CJC-1295 with DAC in Animal Model Studies: Preclinical Growth Hormone Research Findings

Last Updated: May 18, 2026 | Author: Palmetto Peptides Research Team

Preclinical animal model studies of CJC-1295 with DAC have demonstrated that this long-acting growth hormone-releasing hormone (GHRH) analog produces sustained, dose-dependent elevations in growth hormone (GH) and insulin-like growth factor 1 (IGF-1) across rodent and primate models. The key finding across these studies is that CJC-1295 DAC amplifies pulsatile GH secretion rather than replacing it, preserving the physiological rhythm of GH release while increasing overall GH output. The long half-life conferred by the Drug Affinity Complex modification allows single administrations to produce measurable GH axis changes lasting several days in rodent models.

DISCLAIMER: This article is for educational and scientific research reference purposes only. All compounds discussed are not approved by the FDA for use in humans or animals. All data discussed here reflects preclinical animal research or laboratory use. Palmetto Peptides sells these compounds exclusively for in vitro and preclinical laboratory research. Nothing in this article constitutes medical advice.

This article reviews the published preclinical literature on CJC-1295 DAC with a focus on mechanistic findings from rodent models and the limited but informative primate data available. Researchers working in GH axis biology, metabolic research, or body composition studies will find this overview useful for understanding the pharmacological profile of this compound in controlled animal settings.
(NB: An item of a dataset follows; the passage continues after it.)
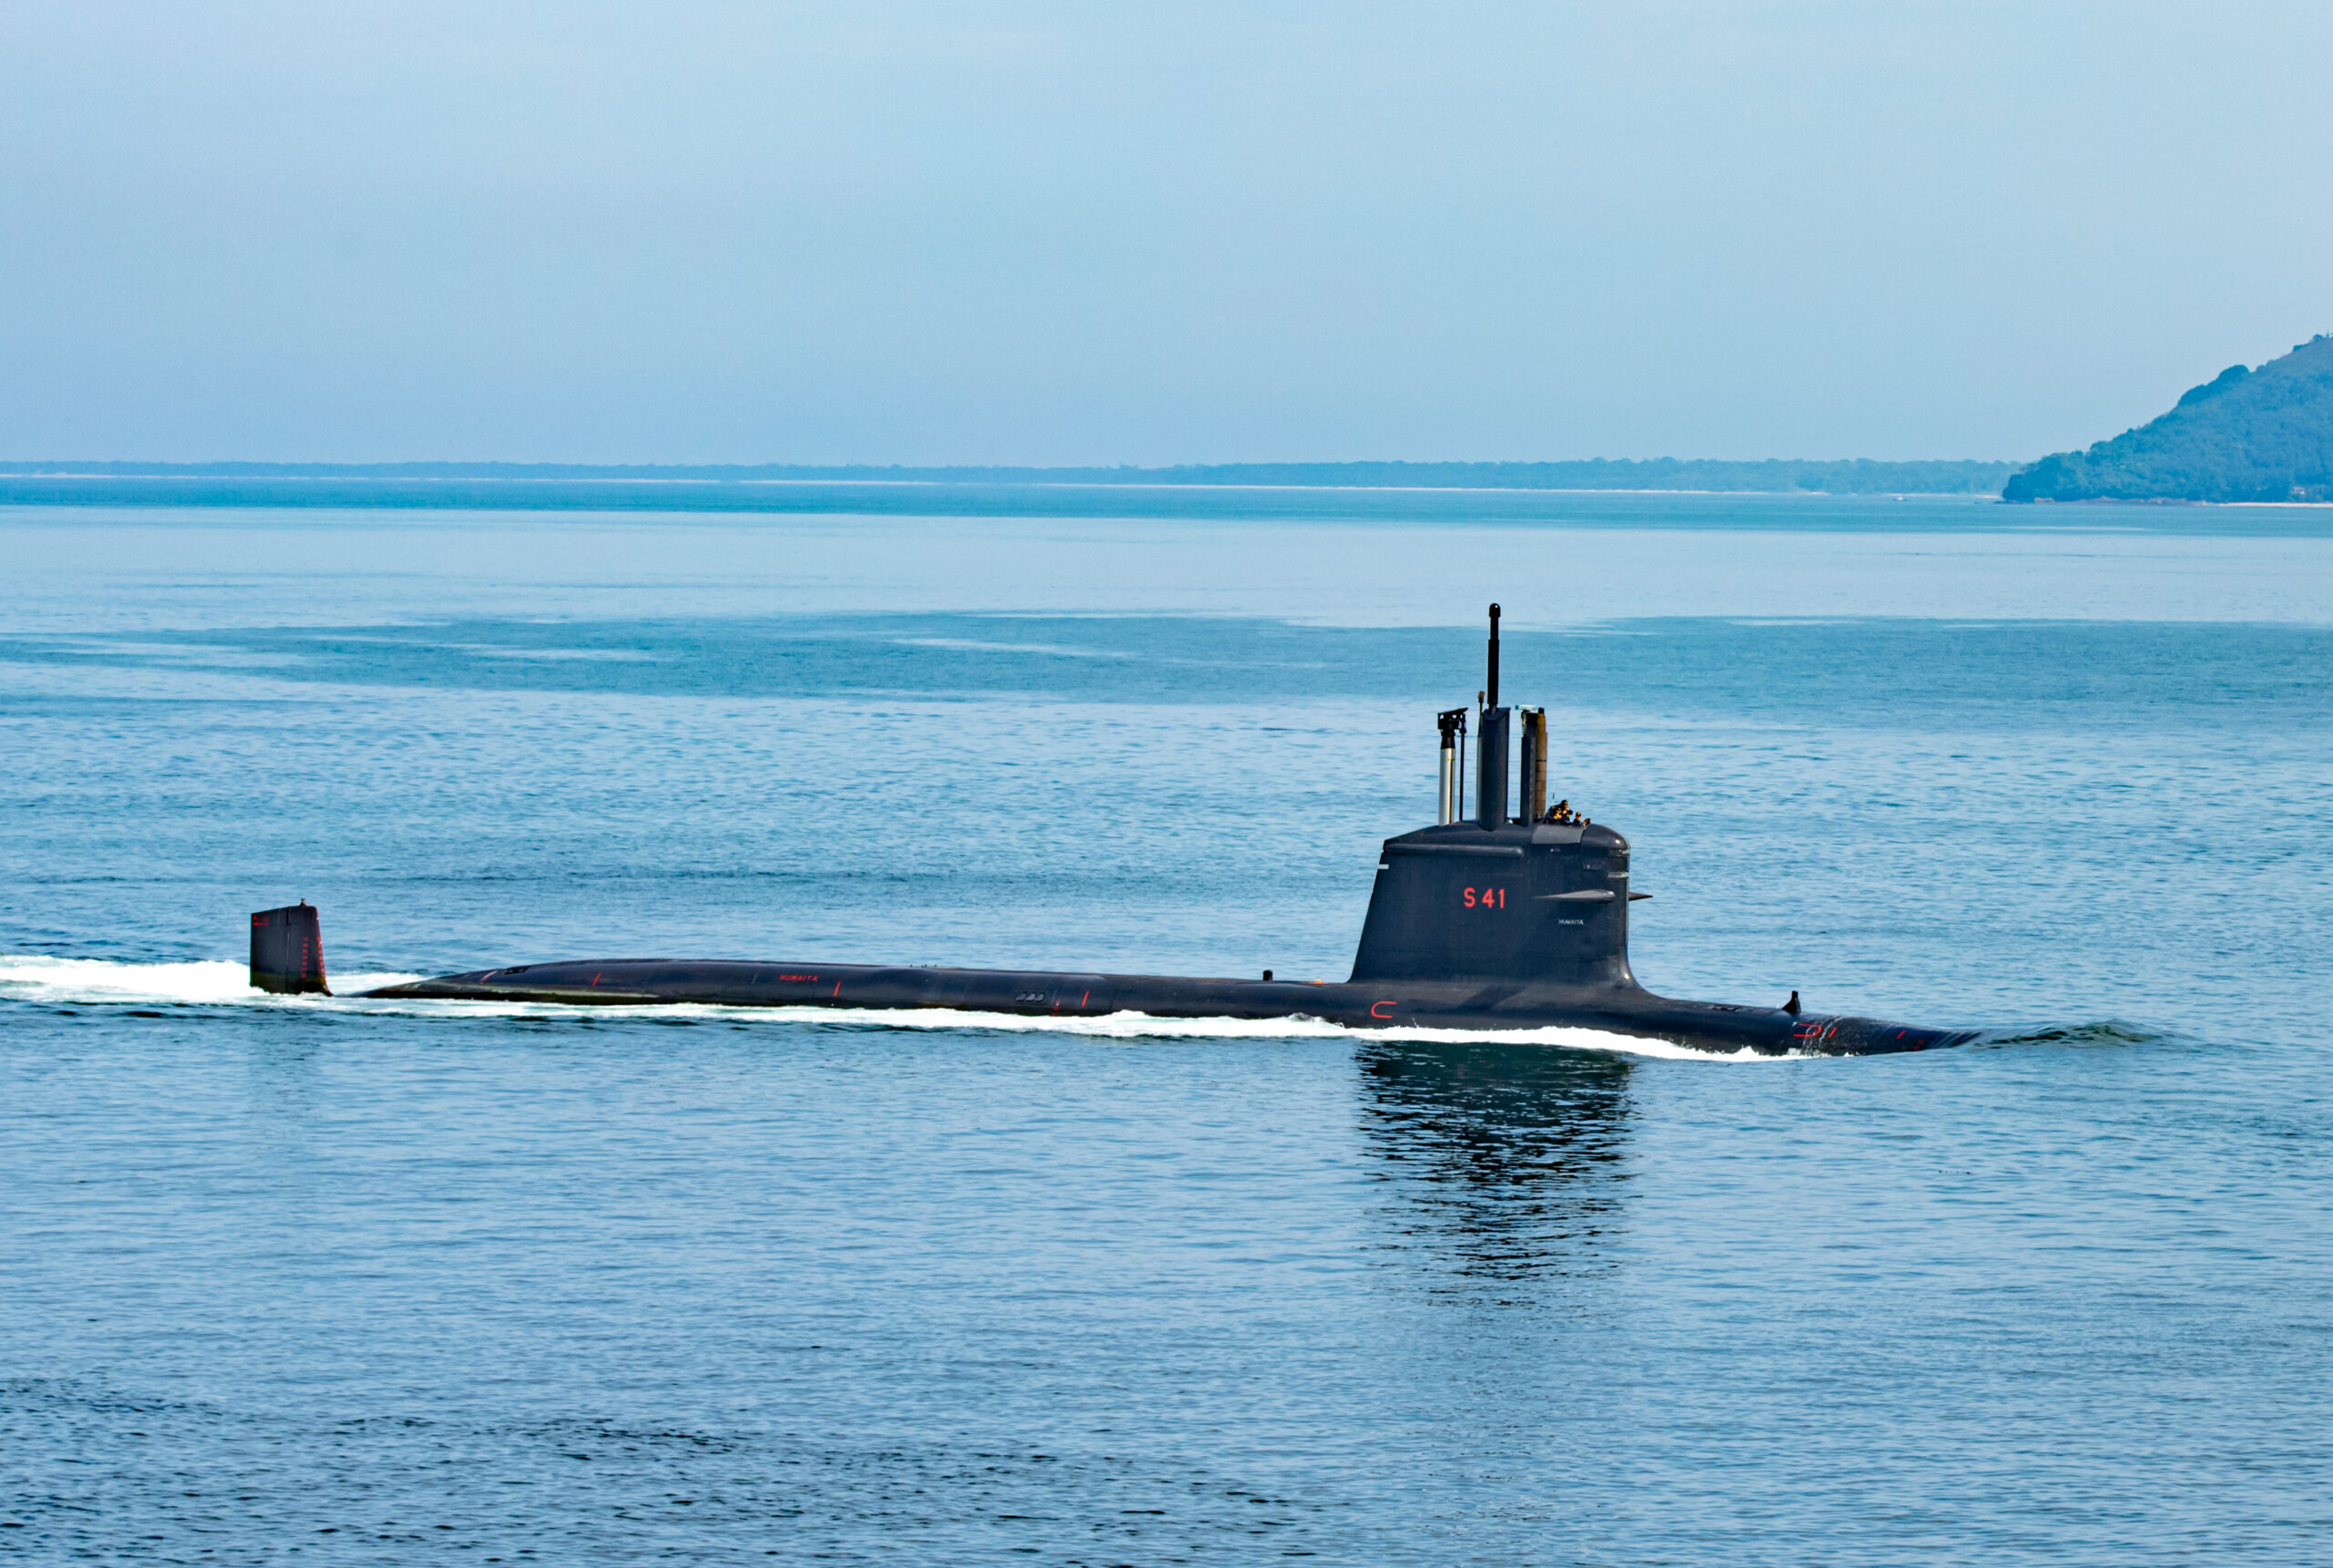 The black Humaitá (S-41) submarine is seen breaking the surface of the sea. Near the top of its hatch, "S-41" is painted in red. The sea and the sky are a calm blue.

Background: The GHRH Receptor System and CJC-1295 DAC

Growth hormone secretion from the anterior pituitary is regulated primarily by two hypothalamic peptides: GHRH, which stimulates GH release, and somatostatin (SRIF), which inhibits it. The interplay between these two regulatory signals produces the characteristic pulsatile pattern of GH secretion observed in mammals.

Native GHRH(1-44) has a plasma half-life of approximately 7 minutes in rats, primarily due to rapid cleavage by dipeptidyl peptidase IV (DPP-IV) at the N-terminal alanine-aspartate bond [1]. This short half-life makes native GHRH impractical for sustained stimulation protocols in preclinical research. CJC-1295 (also known as DAC:GRF) addresses this by incorporating two modifications: substitution of alanine at position 2 with alpha-aminoisobutyric acid to prevent DPP-IV cleavage, and addition of the maleimidoproprionic acid (MPA) linker that covalently binds to cysteine-34 on circulating albumin [2].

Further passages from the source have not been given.